Can anyone tell how to save game on Resident Evil1?Do i have to press a key or go to a special room?


----------



## Kirok (Apr 22, 2006)

Get the ribbons then interact with a typewriter


----------



## MartinX33 (Sep 19, 2008)

Thank you very much!


----------



## Couriant (Mar 26, 2002)

man it's been so long since I did that game... i totally forgot about the typewriter.....

lol


----------



## SMSH (Sep 23, 2008)

Hi, i am Saad. I have the solution to your problem of not loading saved games from RE n RE2. Its the OS that is the problem, it doesnt support XP n there is absolutely no patch made in XP. Wont take much time if u have a good internet connection (abt 20 min), thats worthwhile.

Here is the following u need to do:

1) Download Compatibility Tool Kit (Latest) and Net Fix (2.0 or above), dont worry, both the softwares are sharewares on microsoft website, just search them on Google and u will get ur link.

2) It will ask for one to two more softwares, also from Microsoft as Sharewares from the same wesite, DONT CLOSE THE WEB SO SOON, (Personally, very annoying cuz it will keep on asking it while the setup runs or application is running), download them cuz its a requirement.

3) Finally, run 'Standard User Analyser' named shortcut made in your start menu. It opens an advanced window, but dont worry, your job is related from the same screen u see in the start. Click on browse and select the exe file u wanna run. Then click launch, it will take few swconds to launch, (It will ask for another application from Microsoft, Annoying, from the same site). But this time the software automatically asks for it, u just need to press yes. If for some reason it doesnt open that way, download it from the site, its also a shareware. 

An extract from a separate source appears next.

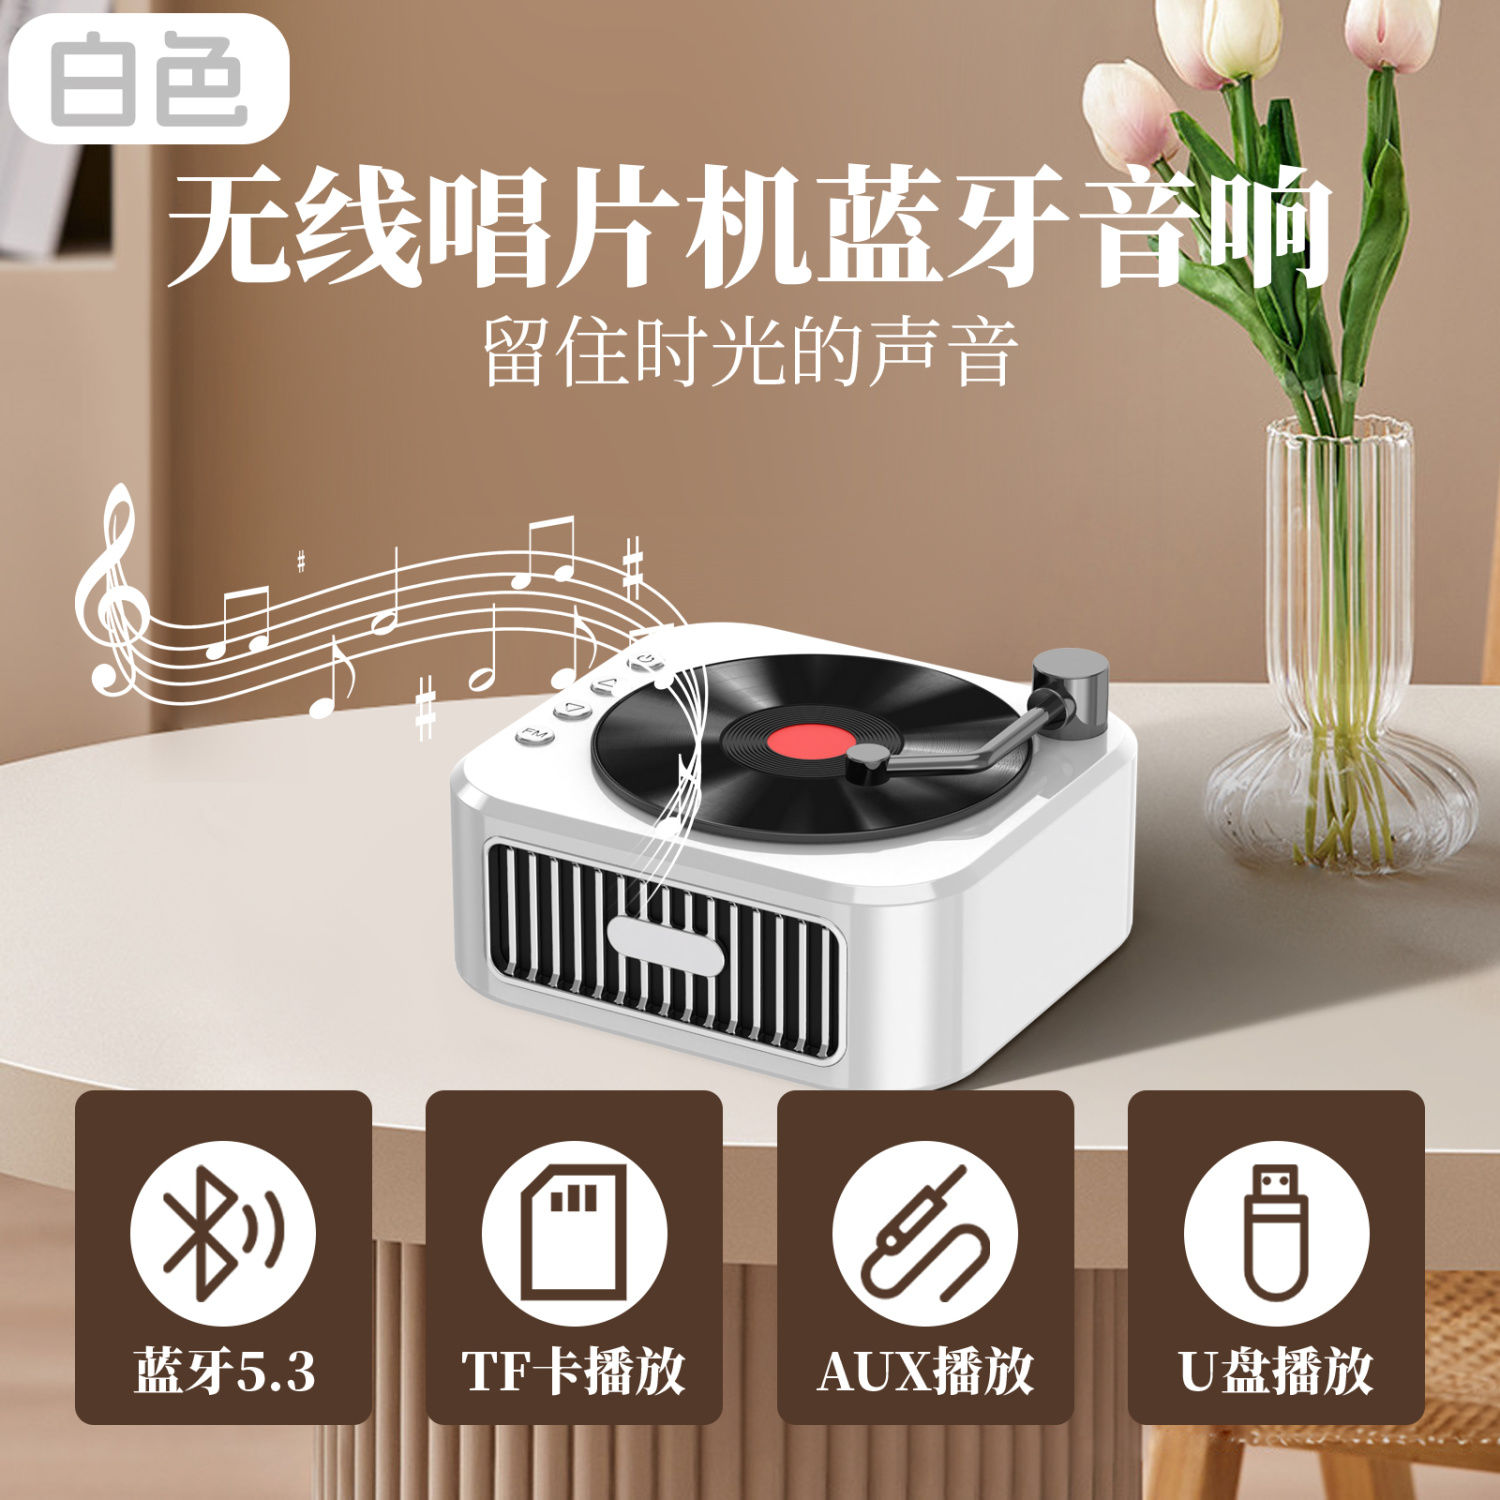 Bluetooth audio mini speaker record player vinyl subwoofer high volume small retro internet celebrity gift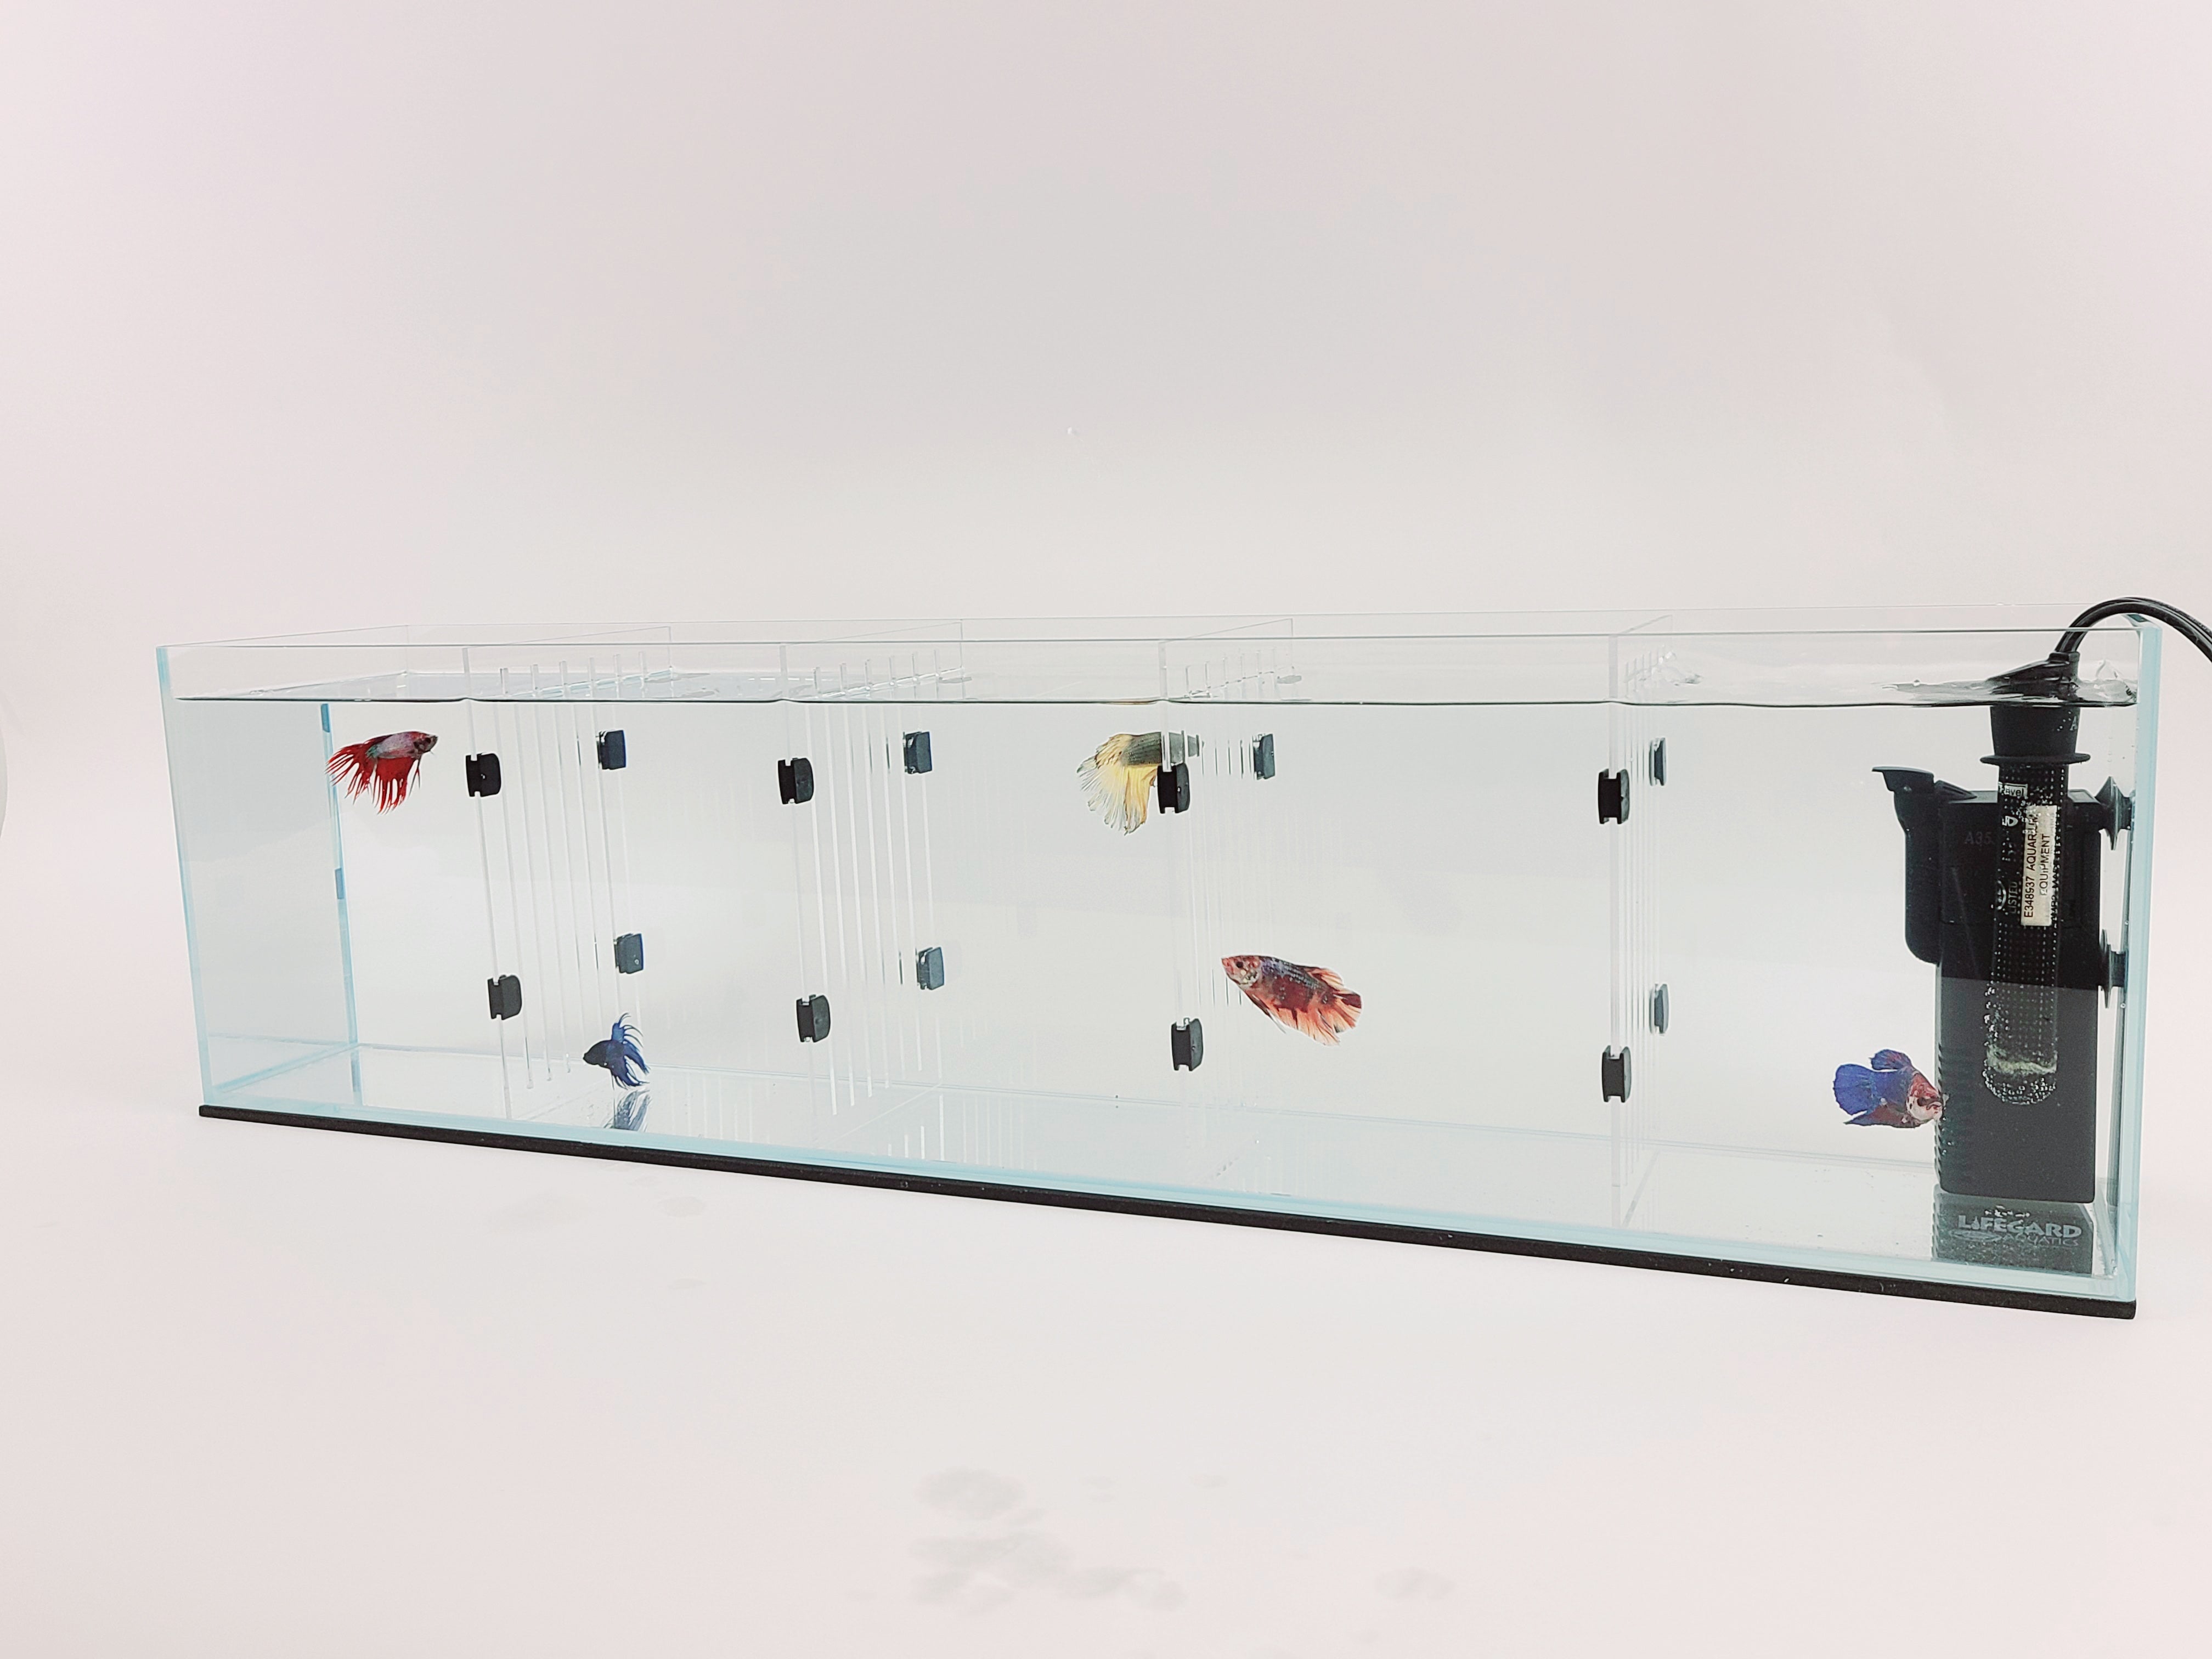 Acrylic Divider Plate for 6 Gallon Bookshelf Aquariums - CLEAR

When all this is done, the game will run n finally u can see ur saved files in the load screen, ready to be loaded, but heres a bug i found in RE2 only, the exe no longer distinguishes between claire saves n leon saves.

The game wont slow down or create any problems n this has worked for almost everyone i have recommended to. Many other games can be made playable by this software, but few will give a gltich, as in Commandos 1, that would b becuz the problem is no longer OS but new motherboards which do not support DOS.


----------